Now since Britain, Germany, France, and Belgium all had colonies in Africa and in Asia, and actually, across the

world, if you think about the British, all these territories were soon at war as well. So Australia, New Zealand,

Canada, and South Africa, they were all self-governing dominions of the British Empire, they declared war on

Germany and its allies. And Britain-- they also declared war on Britain's ally in the Far, Far East in Japan. So this

was not an extraterritorial dominion. But it was an ally.

The Ottoman Empire then joined Germany's side so that that part of the world, which included today is Turkey,

Iraq, Lebanon, Syria, Jordan, Israel, and most of the coastal areas of the Arabian Peninsula, were then dragged

into this disastrous war.

Now as the war progressed, the British became deeply interested and deeply involved in destroying the Ottoman

Empire. Now I'm going to pull up a map and look at what areas the Ottoman Empire covered. These were areas

that the British Empire had its sights on for a while. And the British were largely successful in destroying the

Ottoman Empire. And they helped Palestinian and Syrian bedouin leaders ward off Ottoman attacks.

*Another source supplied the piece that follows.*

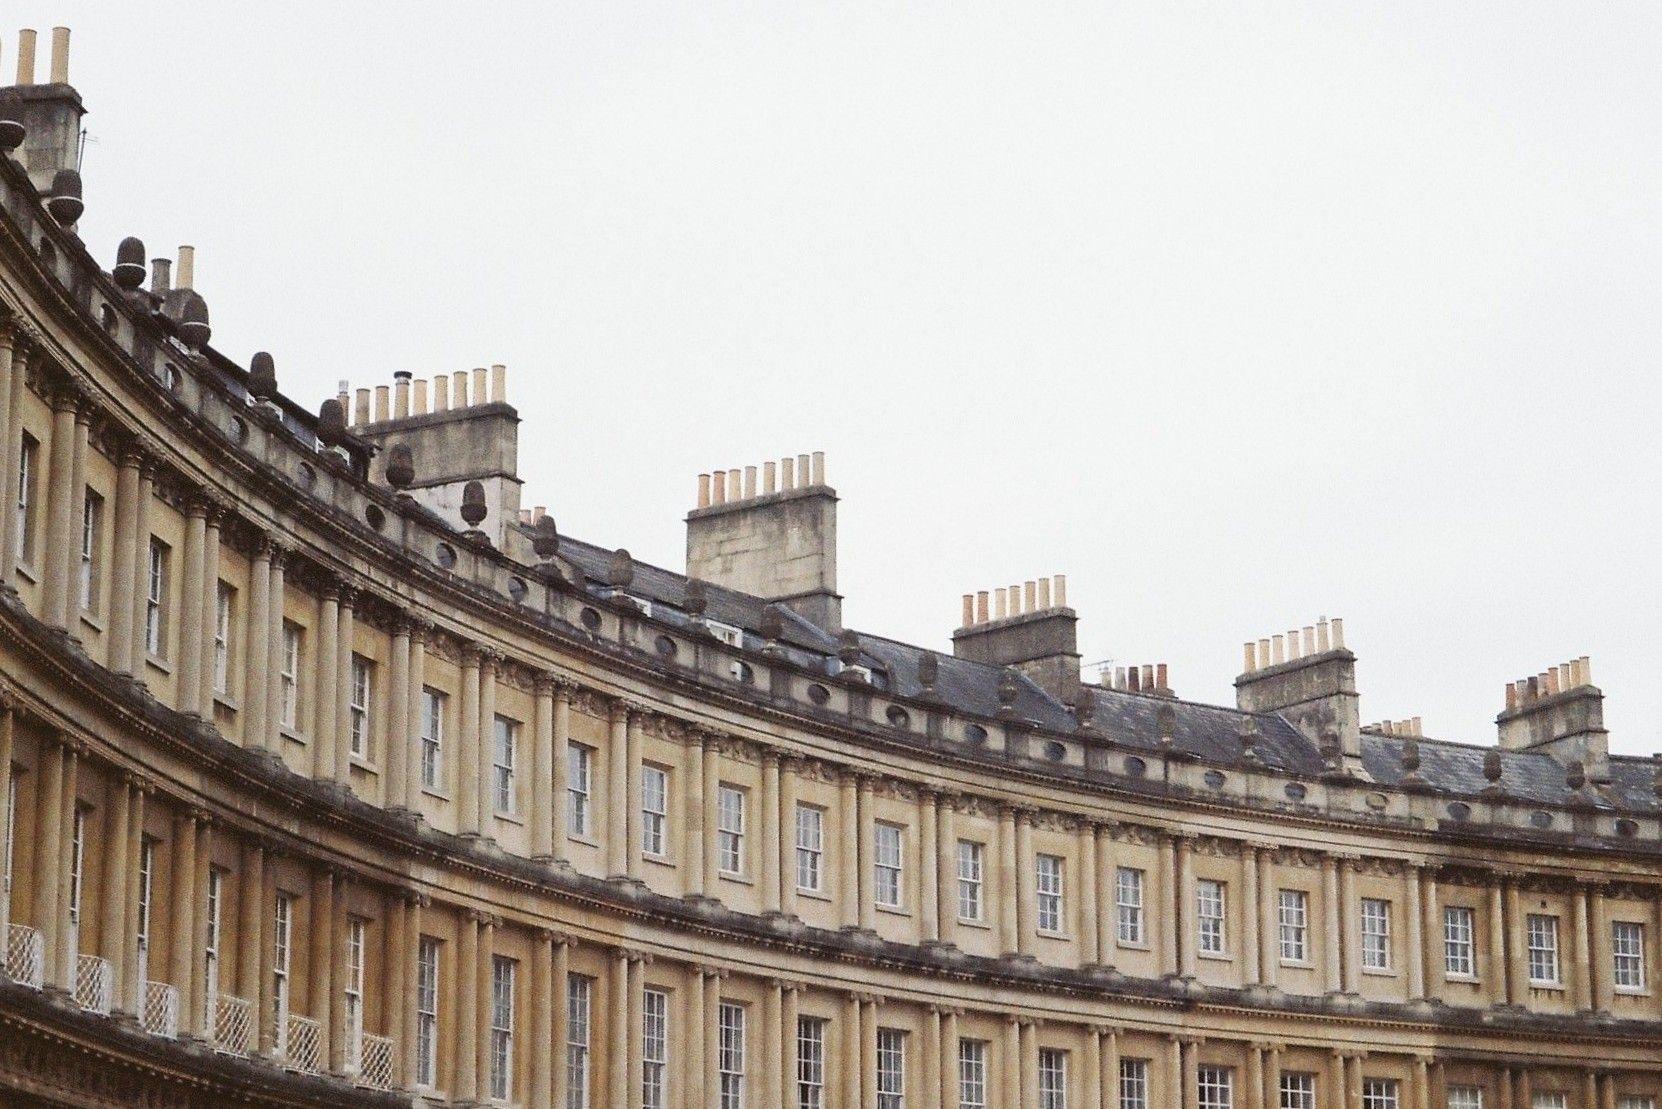 bath, royal crescent bath. bath architecture, bath photography

At the same time, they were also establishing their power over the region, right? And in this case, it's really

important to remember that they were still a great imperial power, and that they were not necessarily interested in

liberating territories that were under Ottoman rule. They were not interested in independence. All right, so keep

that in mind.

Now the Jewish population in the Middle East had been persecuted and driven out since the Roman era. And

most Jews had eventually migrated to the US as well. So they were throughout Europe. And the US.

Remember, the United States doesn't join World War I until April 1917. So in 1917, the British are seeking the

support of the United States in the war. So the British Foreign Secretary, Arthur Balfour, promises he would

support a Jewish national home in Palestine if the American Jewish population would support the United States

entering the war.

But this was not a promise that Balfour could make, nor could the American Jewish population guarantee the

United States would enter, that they would be able to push the US government into the war. But it was a promise.

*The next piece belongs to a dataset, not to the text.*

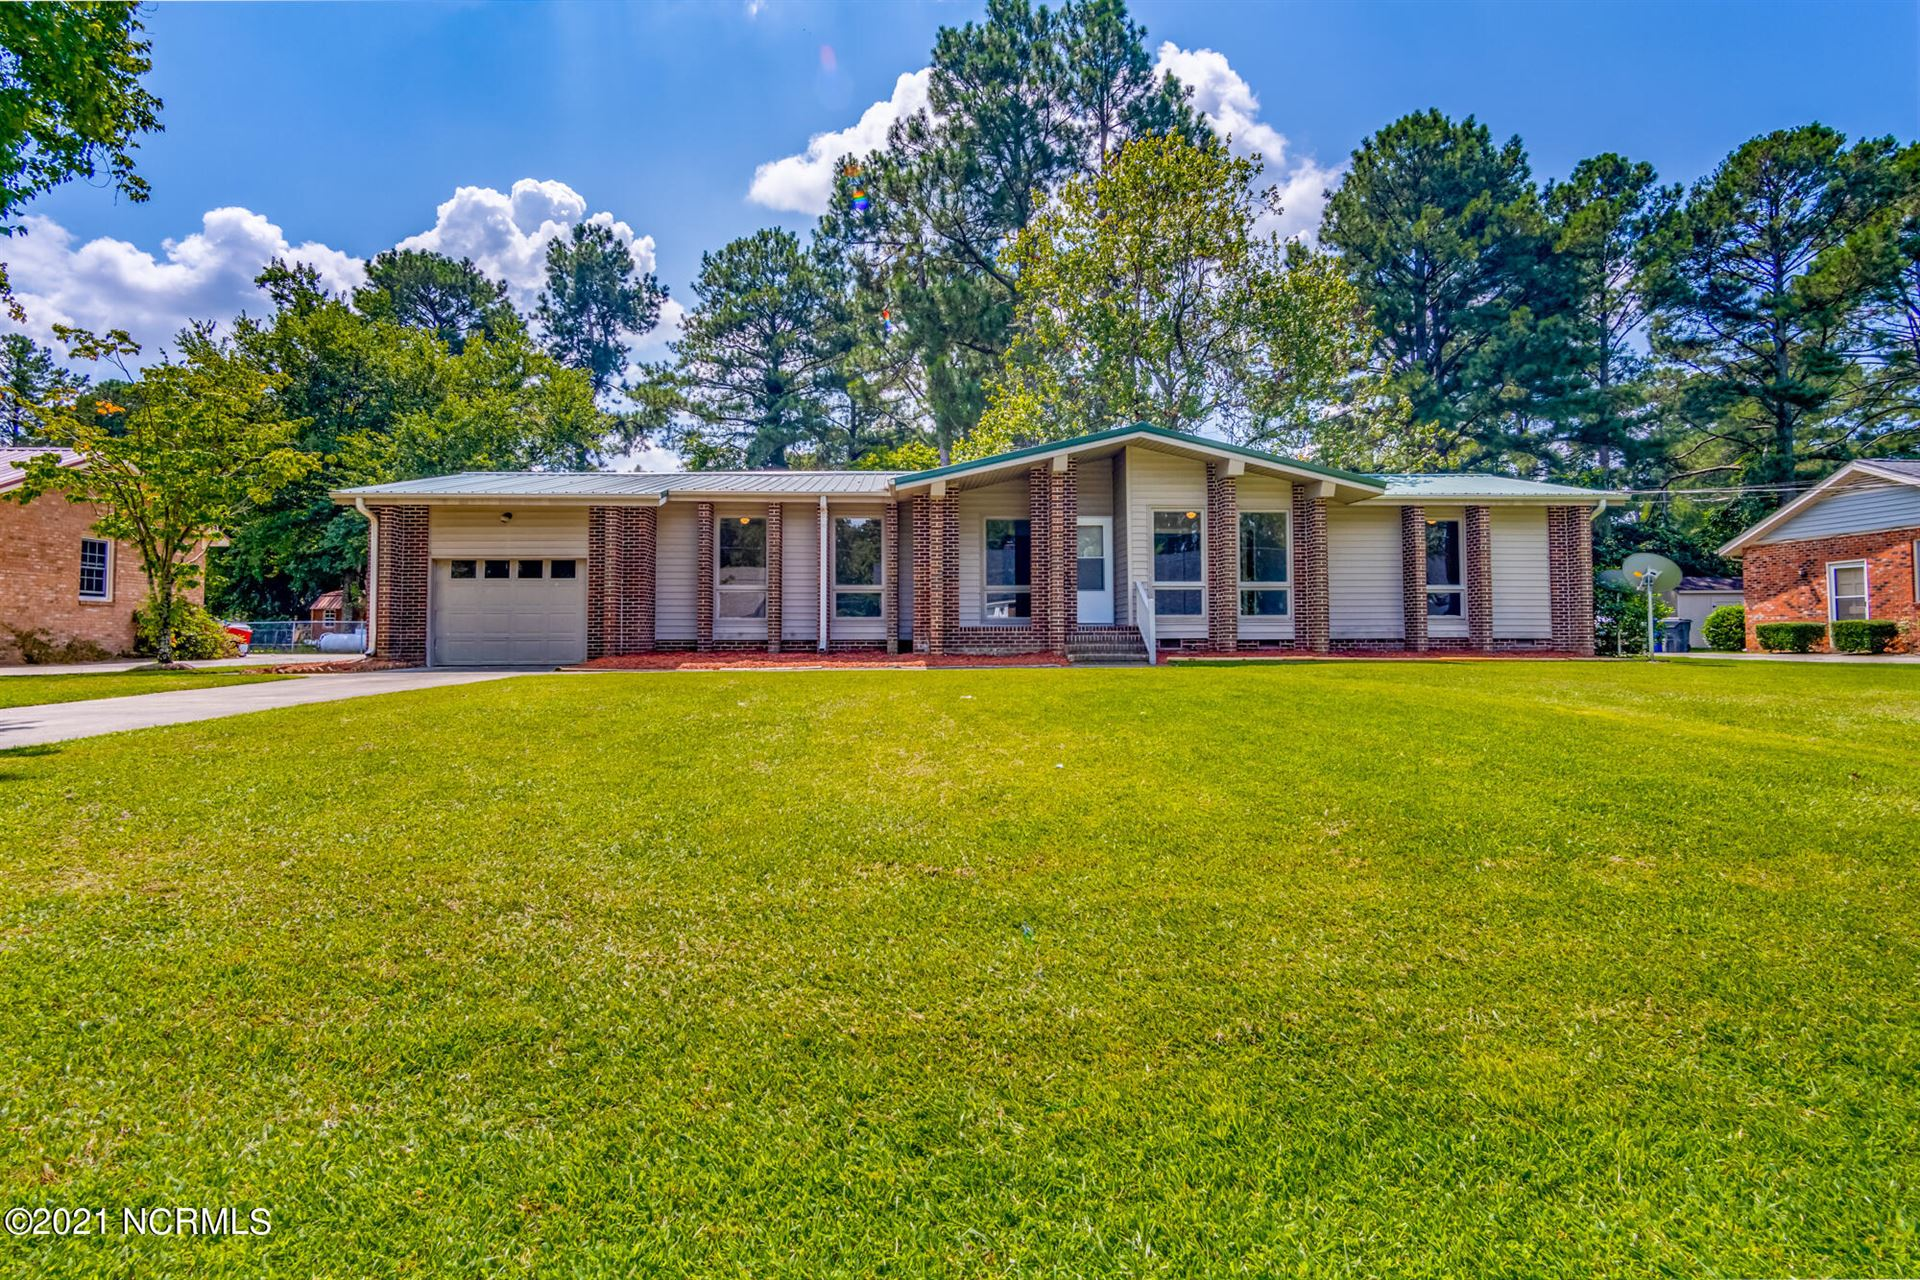 Photo of 2907 Hodges Road, Kinston, NC 28504 (MLS # 100289706)

It became an official document.

And so the degree to which the Balfour promise, the Balfour Declaration pushed the United States to enter into

war is doubtful. But it would have-- but I mean, the United States did eventually enter the war because of the

Zimmerman Telegram. And once you see how keen the British were to involve the United States in the war, andyou remember that the British intercepted the Zimmerman Telegram, there's significant questioning around the

fact whether that telegram was actually sent by Germany or if it was constructed by the British.

In the end, it doesn't really matter. The Balfour Declaration was an actual document that was used with some-- it

became a cornerstone of the creation of the state of Israel, with some really, really complicated long-term

consequences. But we're going to take a look at that in a subsequent podcast. But if you want to take a look at-- if

you're reading Footnotes in Gaza as your graphic novel, this is a pretty-- this is all tied to it.

Now another reason why World War I is called the Great War is because it was monumental in its casualties.

There were new weapons, new planes, new tanks, a series of technological innovations that conspired to making

this one of the most deathly wars in history.

There were no planned attacks, which you know is, if you read about anything about military confrontations in the

18th and 19th century, these battles were planned. Soldiers knew where they were supposed to show up. And the

battle happened in a field. And generally, civilian populations were left out of this. World War I showed that war

could include civilians. And the war left approximately 8 million dead and 29 million injured.

The third reason why this is called or goes down as the Great War is that it wasn't just a territorial war. Again, back

to 18th and 19th century wars, they were largely territorial. World War I was a war that was imbued with an

idealism about fighting for a just cause, about fighting against tyranny. And the degree to which that idealism was

warranted, it was still a fairly novel concept in the early 20th century. And it would be a concept that would

unfortunately be revisited all too soon in World War II. But all these combination of idealism, [COUGHS] costs of

the war, and an expanse of the war contributes to it becoming considered a great war.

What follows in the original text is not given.